Task objective -
Give the data below again exactly as it stands. Omit the pictures.

Data segment -

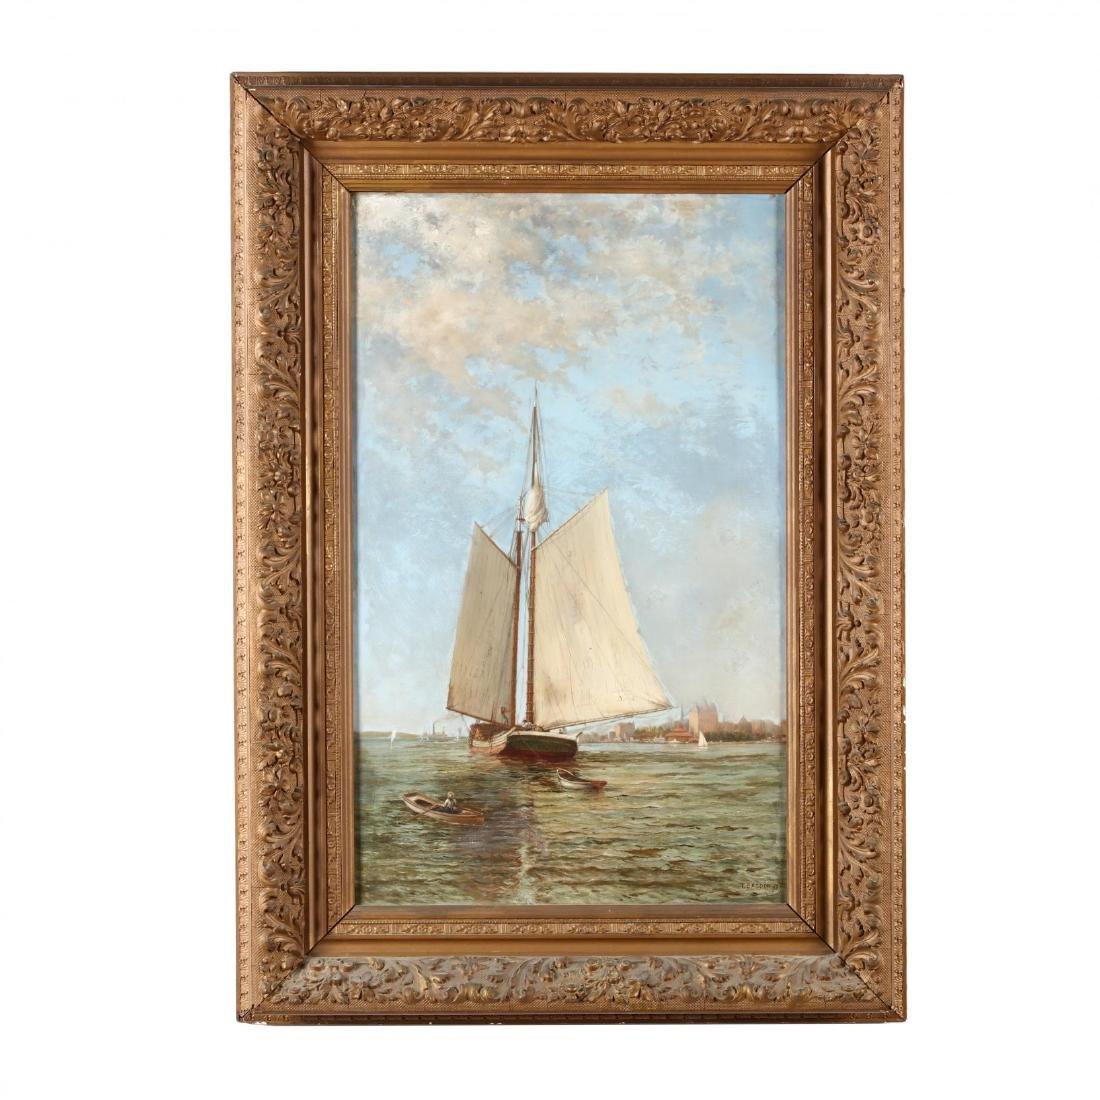 T. Basden (English, 19th century), Harbor Scene
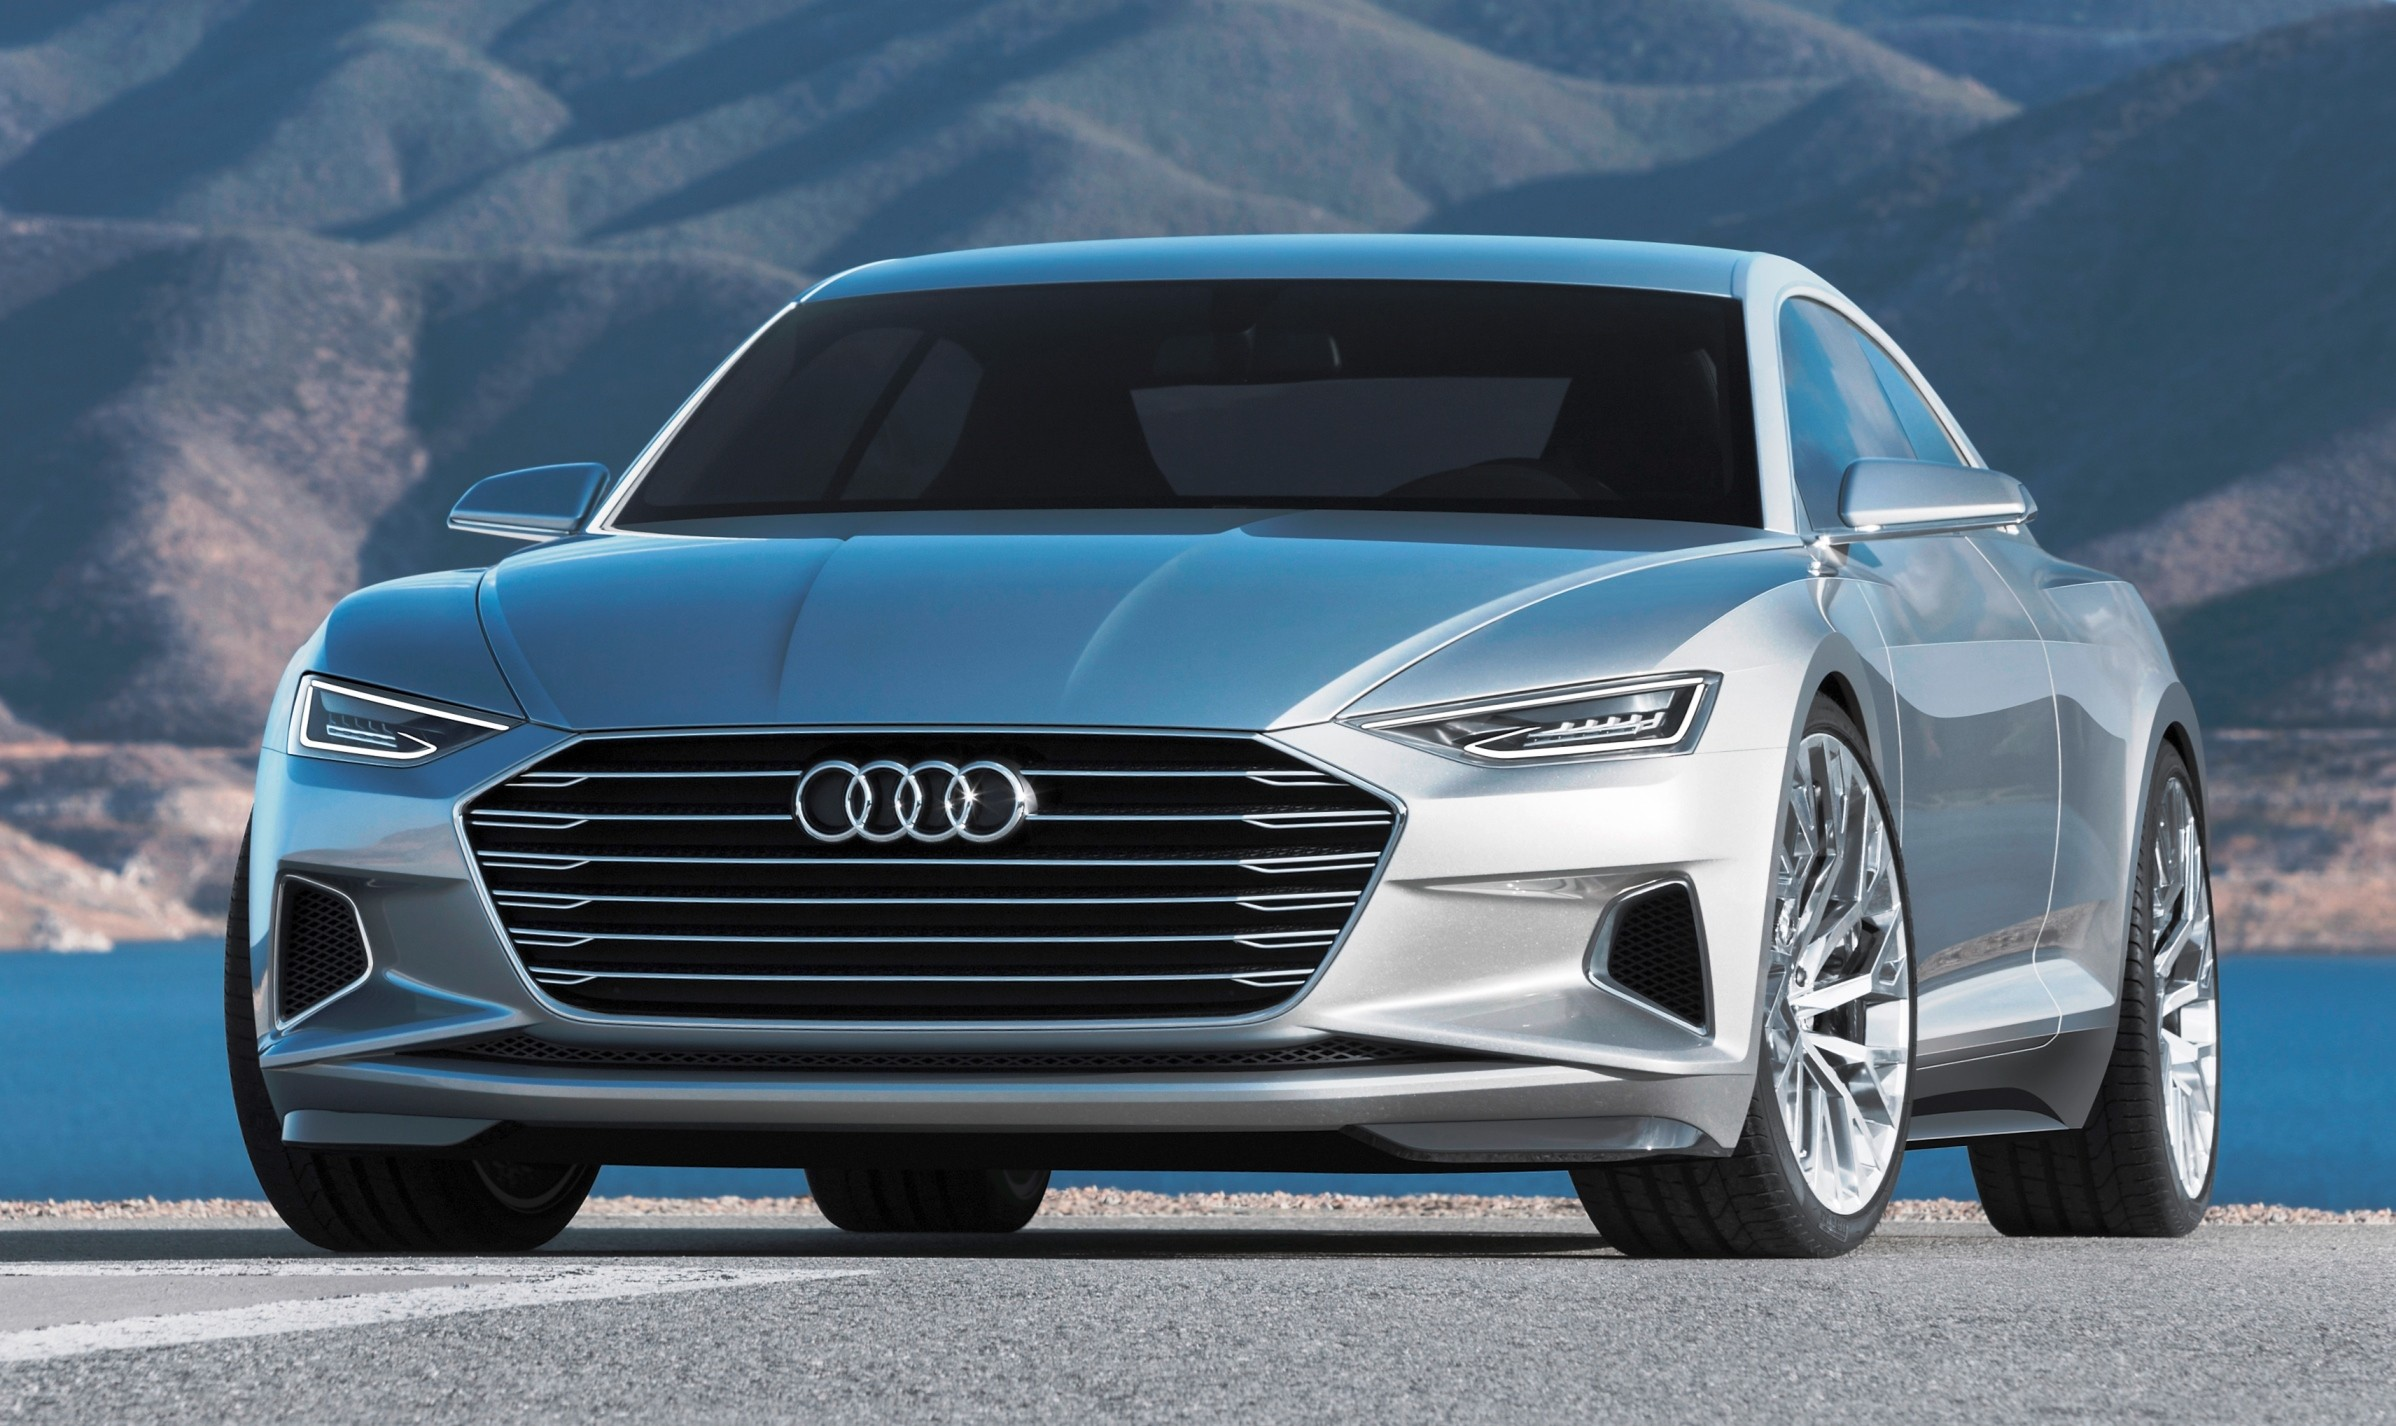 2014 Audi Prologue is Worst of LA 2014 20
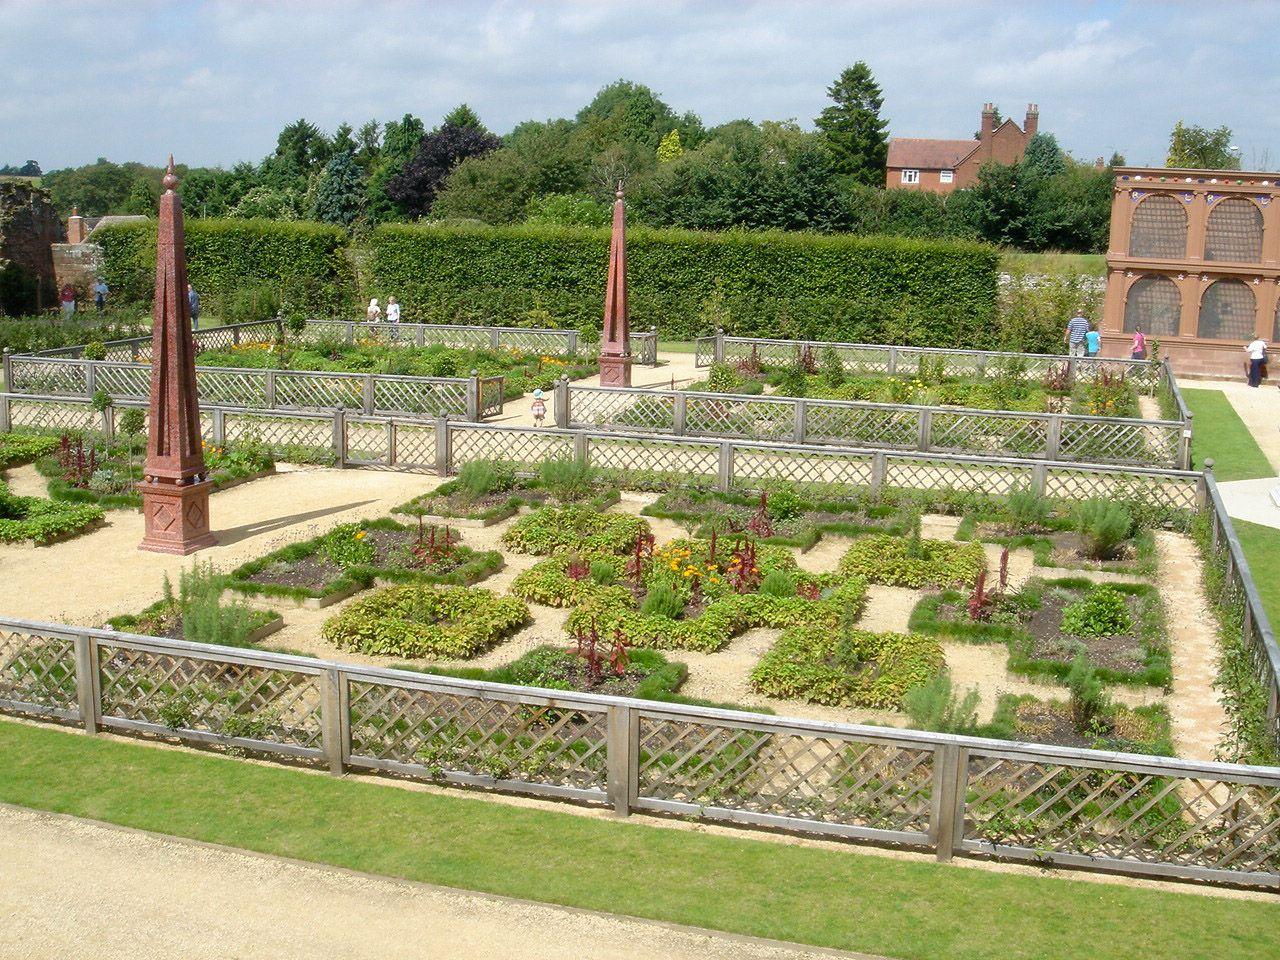 Pin By Justin Mcleod On Landscape Formal Design Garden History Kenilworth Castle Kenilworth

Answer to the exercise -
 T. Basden (English, 19th century), Harbor Scene
 2014 Audi Prologue is Worst of LA 2014 20
 Pin By Justin Mcleod On Landscape Formal Design Garden History Kenilworth Castle Kenilworth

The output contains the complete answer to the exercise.